From: <Patrick.Stickler@nokia.com>
Date: Tue, 6 Nov 2001 12:27:16 +0200
To: phayes@ai.uwf.edu
Cc: w3c-rdfcore-wg@w3.org
Message-ID: <2BF0AD29BC31FE46B78877321144043114C068@trebe003.NOE.Nokia.com>
> -----Original Message-----
> From: ext Pat Hayes [mailto:phayes@ai.uwf.edu]
> Sent: 06 November, 2001 04:25
> To: Stickler Patrick (NRC/Tampere)
> Cc: w3c-rdfcore-wg@w3.org
> Subject: Re: heading toward datatyping telecon
> 
> 
> >
> >The lexical validity of sub-types with regards to their super-types
> >is important in the context of ontological transparency whereby
> >a given value may be defined in terms of a very specific data
> >type yet a given query (and the resultant knowledge) is defined
> >in terms of a more general data type, and the response must be
> >encoded in a *lexical* form that is valid.
> >
> >Thus, it is not acceptable to e.g. create a sub-type hexInteger
> >of type integer which has a lexical form that is invalid for
> >integer because a system may recieve a query for the value of
> >a property that has a range of 'integer' yet the knowledge
> >is defined via a sub-property having a range of hexInteger, and
> >the resultant response would encode a hexInteger literal as
> >the value of a integer property, which is invalid.
> 
> Wait a minute. How could this happen, again? Suppose indeed I define 
> a datatype class called xxd:hexInteger which is a rdfs:subClassOf 
> Integer, say. .And suppose that the property eg:hexish is defined to 
> have hexIntegers as its range:
> 
> eg:hexish rdfs:range xxd:hexInteger .
> 
> And suppose the graph also contains
> 
> aaa eg:hexish "37" .
> 
>  From which it follows that the value of hexish on aaa is 55, in the 
> MT extension, but we get a query like:
> 
> aaa eg:hexish _:x .
> _:x rdf:type Integer .
> 
> Then, if I follow your point, it would be erroneous to return the 
> binding _:x/"37", since neither the query nor the response would 
> indicate the datatyping information which tells one that this numeral 
> should be understood to mean 55 rather than 37. Is that right?
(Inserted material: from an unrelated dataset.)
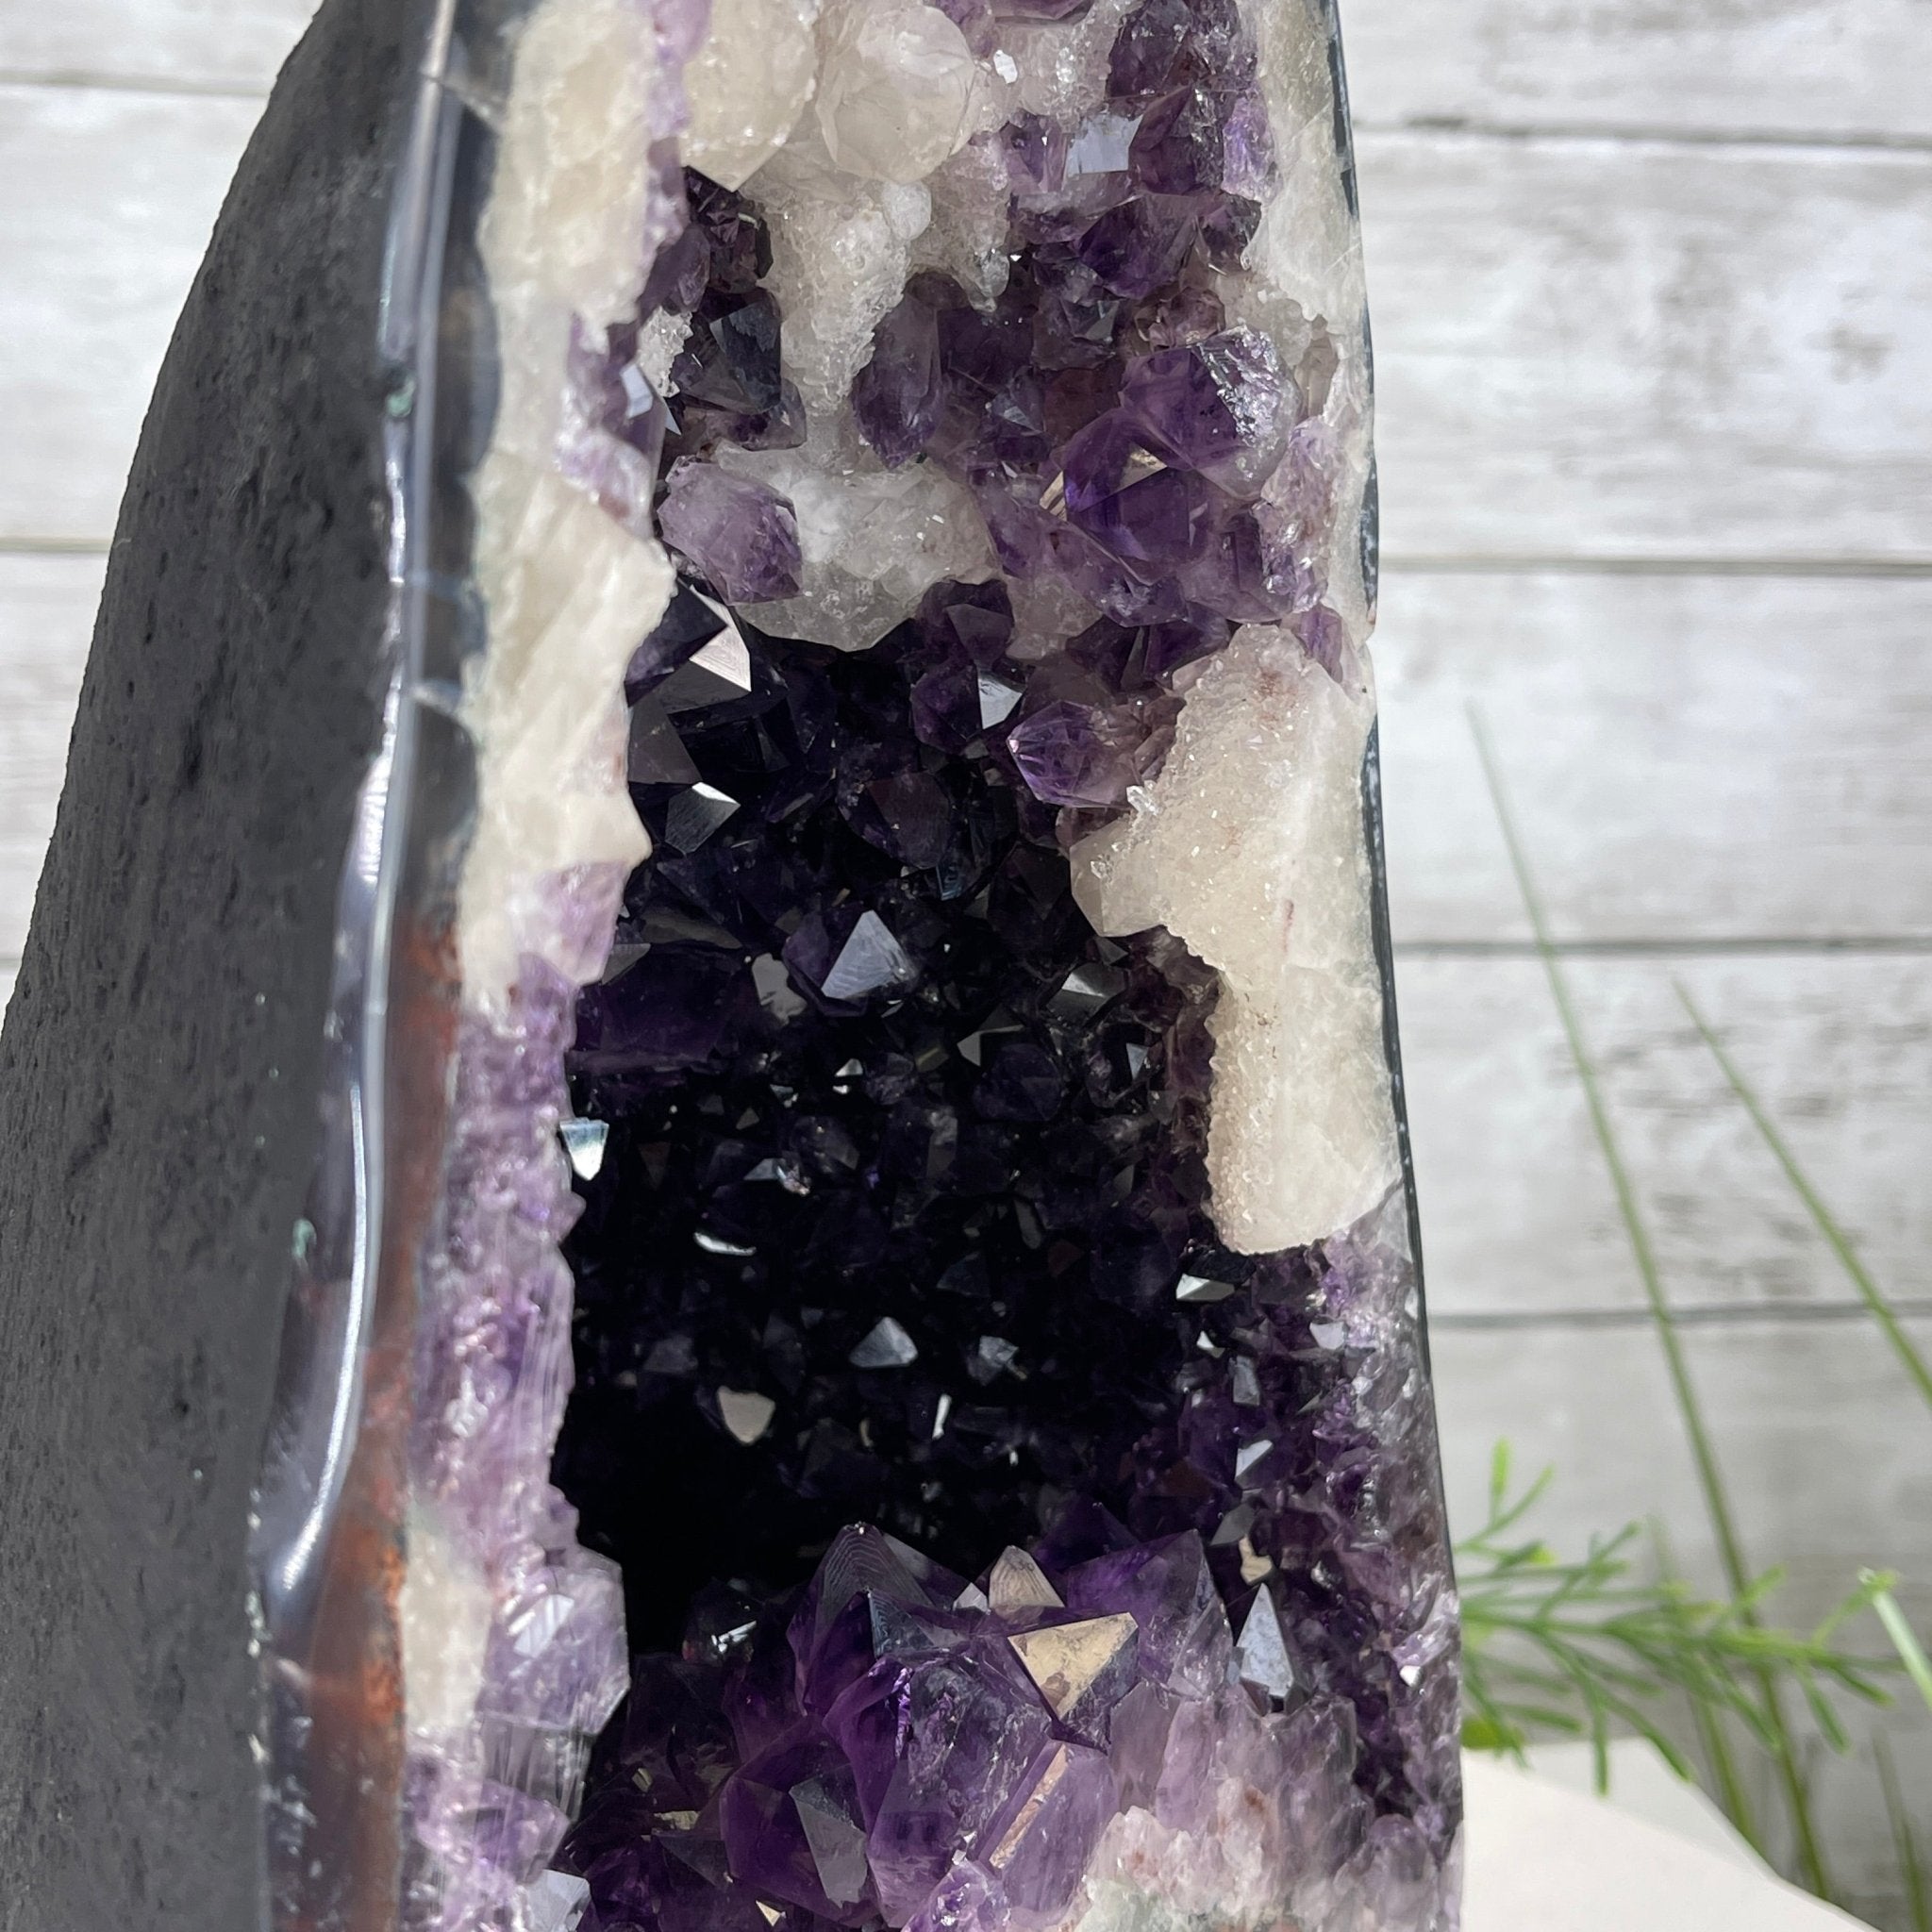 Super Quality Brazilian Amethyst Cathedral, 13 lbs & 10.8" Tall #5601-1111 by Brazil Gems - Brazil GemsBrazil GemsSuper Quality Brazilian Amethyst Cathedral, 13 lbs & 10.8" Tall #5601-1111 by Brazil GemsCathedrals5601-1111

But 
> this is indeed a binding that would satisfy the query, following the 
> usual rdfs closure rules for subClassOf.
> 
> Please confirm if I have this right, 

Yes. The result of the query is in essence loosing the information
needed to properly interpret the actual value. An application that
does not know that it was defined according to a data type that
requires hexidecimal notation, will likely interpret it (on inspection)
as a decimal value, and thus the integrity of the knowledge is 
compromised.

Taking the scenarios in the AmSci SW article, just think what chaos
would have ensued in coordinating schedules if one agent was providing
values that really were hexidecimal but were interpreted as decimal
by another agent ;-)

> because it does indeed seem like 
> a rather serious matter for the proposed modification to the model 
> theory, which would only work if the datatype scheme satisfies the 
> mandatory validity of instances of subclasses, which you tell us XML 
> Schema does:
> 
> >Thus, per the XML Schema specification, a nonNegativeInteger
> >lexical form is also a valid integer lexical form is also a valid
> >decimal lexical form, etc. These data types are very well defined,
> >and the hierarchical equivalence issues were obviously well
> >understood by the folks who wrote it -- and of course, the whole
> >concept of manditory validity of instances of sub-classes in
> >super-classes is at the very heart of the XML Schema model. Sub-types
> >are defined only be restriction, not by deviation which does not
> >conform to all superclasses. This characteristic should *not*
> >be discarded by RDF in the interpretation of literals by defined
> >data type by assuming that rdf:type only applies to value space
> >and not also to lexical space.
> 
> Pat
> 
> PS. I now understand why you reacted as you did to the 
> octal/decimal/binary examples, and I see your point.

Where the "breakdown" seems to be occurring is that there is 
insufficient focus (that I can see, apologies if I'm wrong) on the
lexicalization/serialization issues and thus problems like this go
unnoticed. It's not enough to simply achieve the correct *logical*
binding to a query based on subClass relations. One must also take 
into account how those results are communicated back to the source 
of the query in terms of the vocabulary in which the query was
expressed, and lexical forms of literals, qualfied names, etc. all 
come into play -- yet such issues seem to be lost in the graph.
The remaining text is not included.